Fertility: Canadian Pioneer Style
Pioneers breed like rabbits, or so says a new study published in Science and reviewed in Scientific American. The study analyzed marriage and birth records in Canada’s Charlevoix Saguenay Lac-Saint-Jean region (northeast of Quebec City) and found that “families living on the edges of the expansions had 20 percent more children than families living at the settlement’s core. They also married one year earlier, on average, and contributed up to four times more genes to the region’s current population.” Henry Harpending, an anthropologist unaffiliated with the study, compares the behavior of pioneers to plant species:
The notion that pioneers tend to have more babies is consistent with the behavior of other species. Expose a bare patch of land, and the first plants to colonize it will most likely be species that grow quickly, reproduce early, and create many offspring. But these early colonizers eventually cede space to other plants that are slower growing but more efficient at using resources such as water, nutrients and space. Shrubs and trees, for instance, grow slowly and produce fewer offspring, but invest enough energy and resources in those offspring to make them highly competitive in the long run.

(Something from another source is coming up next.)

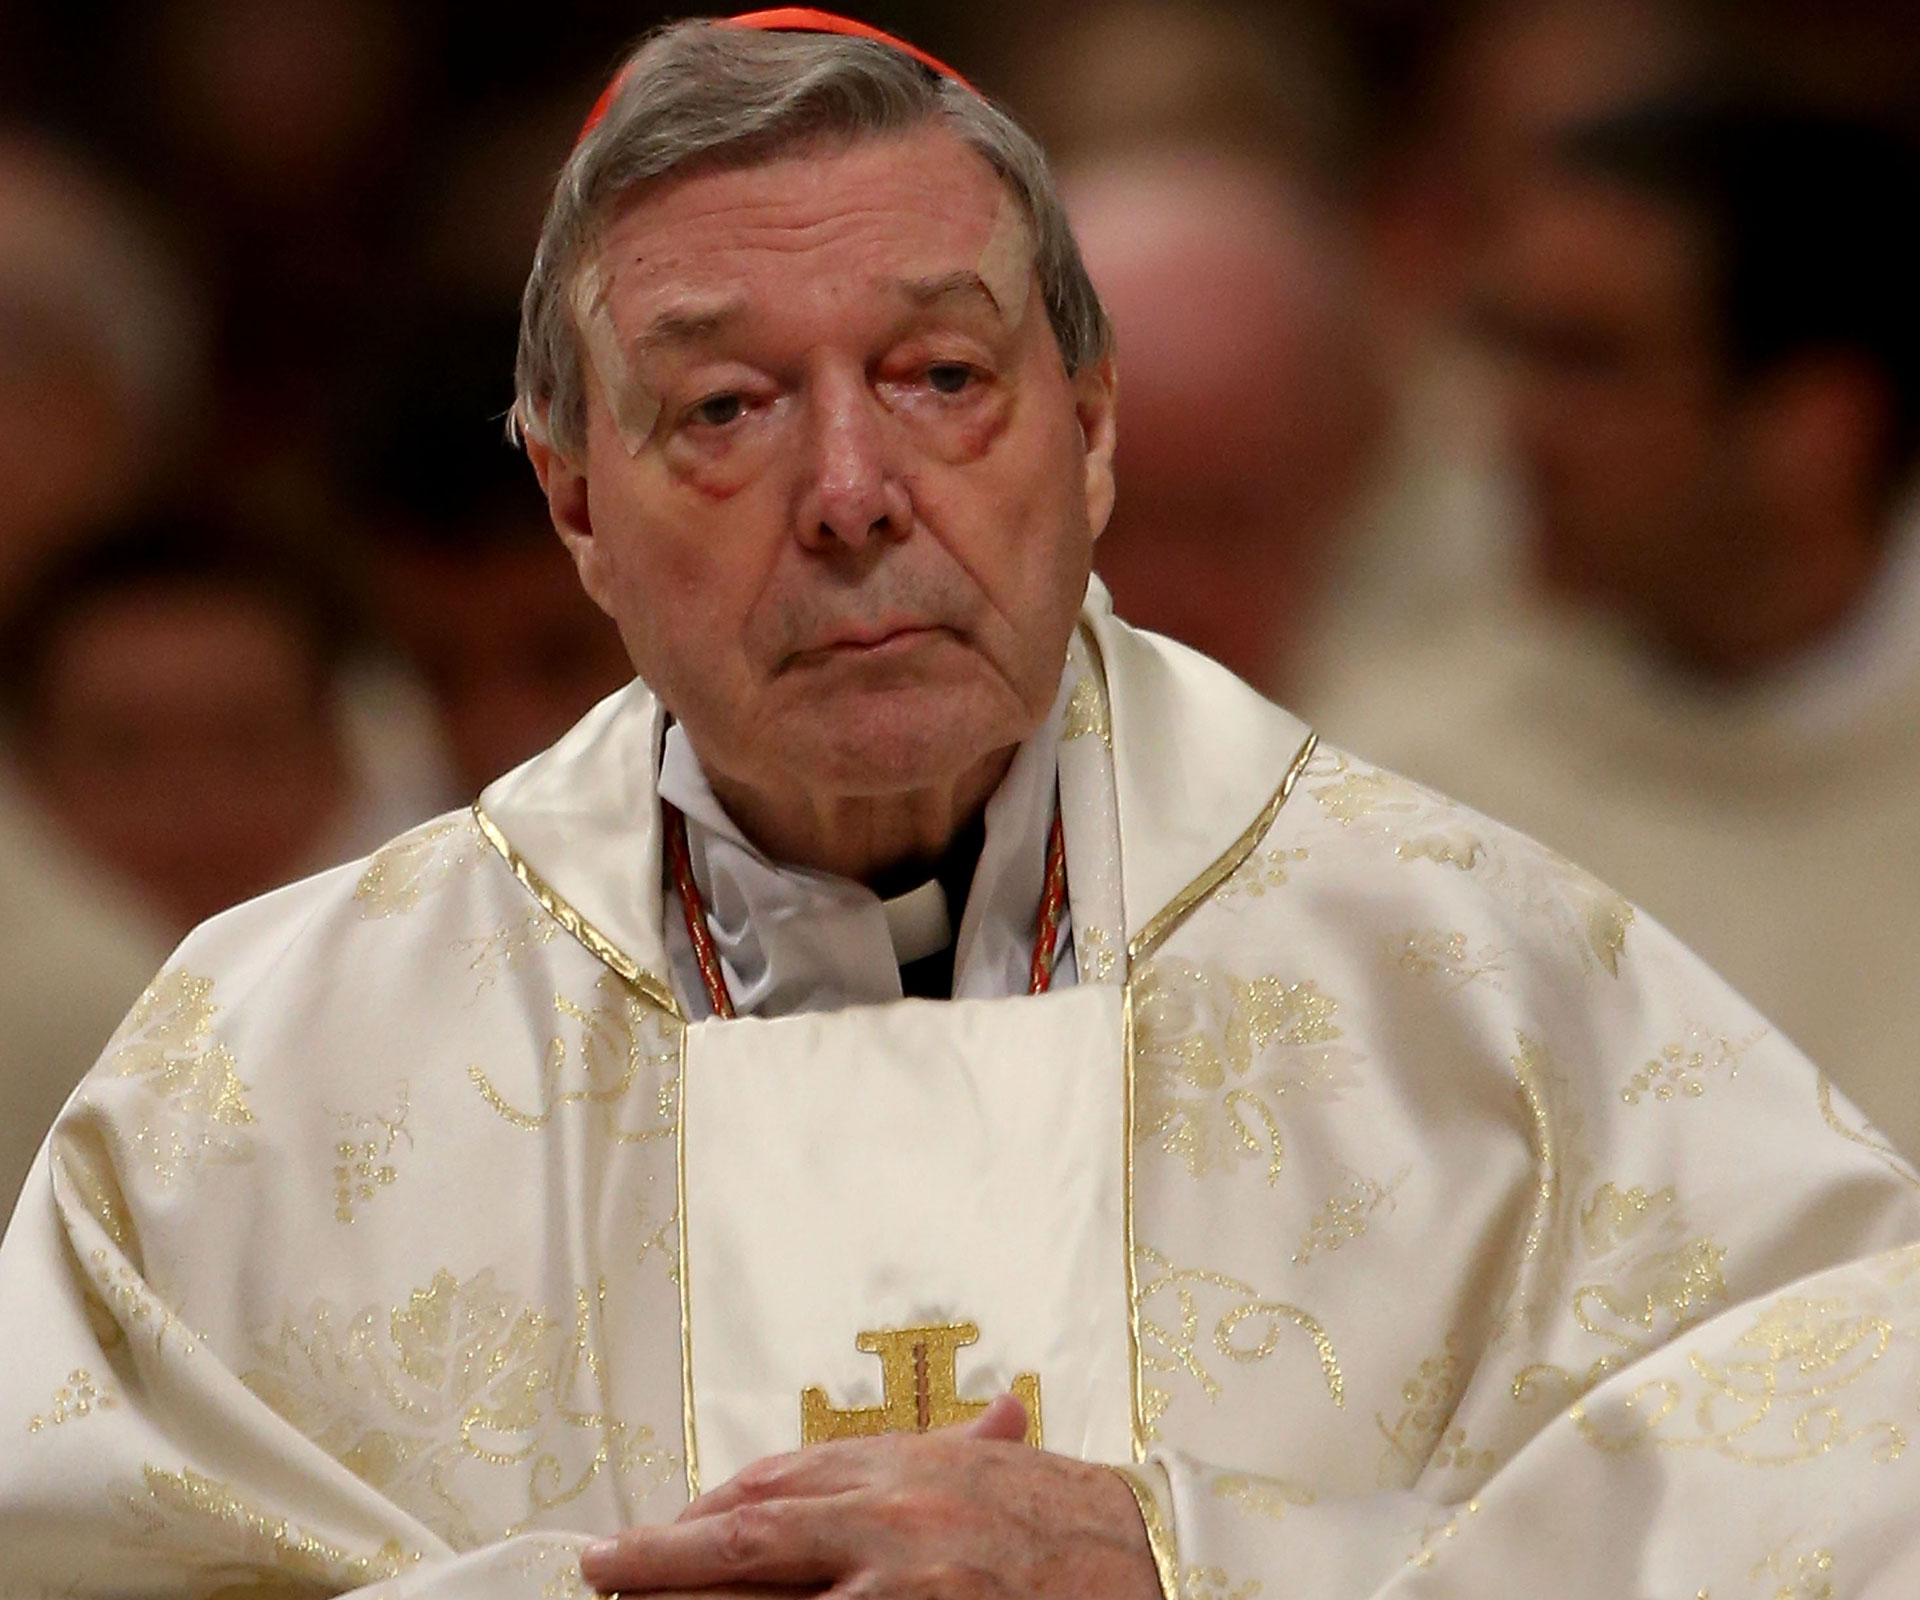 Is George Pell an enemy of the church?

Humans are generally more like shrubs and trees: slow growing (children take more than a decade to reach adulthood) and efficient consumers of resources. (Quick-breeding rabbits and mice, by contrast, are the weeds of the mammal world.) But a change in environment can turn a slow grower into a weed. That is what happened, Harpending says, when North American settlers found themselves on the fringes of civilization.
Interestingly, pioneers passed these tendencies on to their children: “Pioneering ancestors with high fertility had children who also eventually had high fertility, although those effects were moderated by whether the offspring lived on the frontier or within the colony’s core.”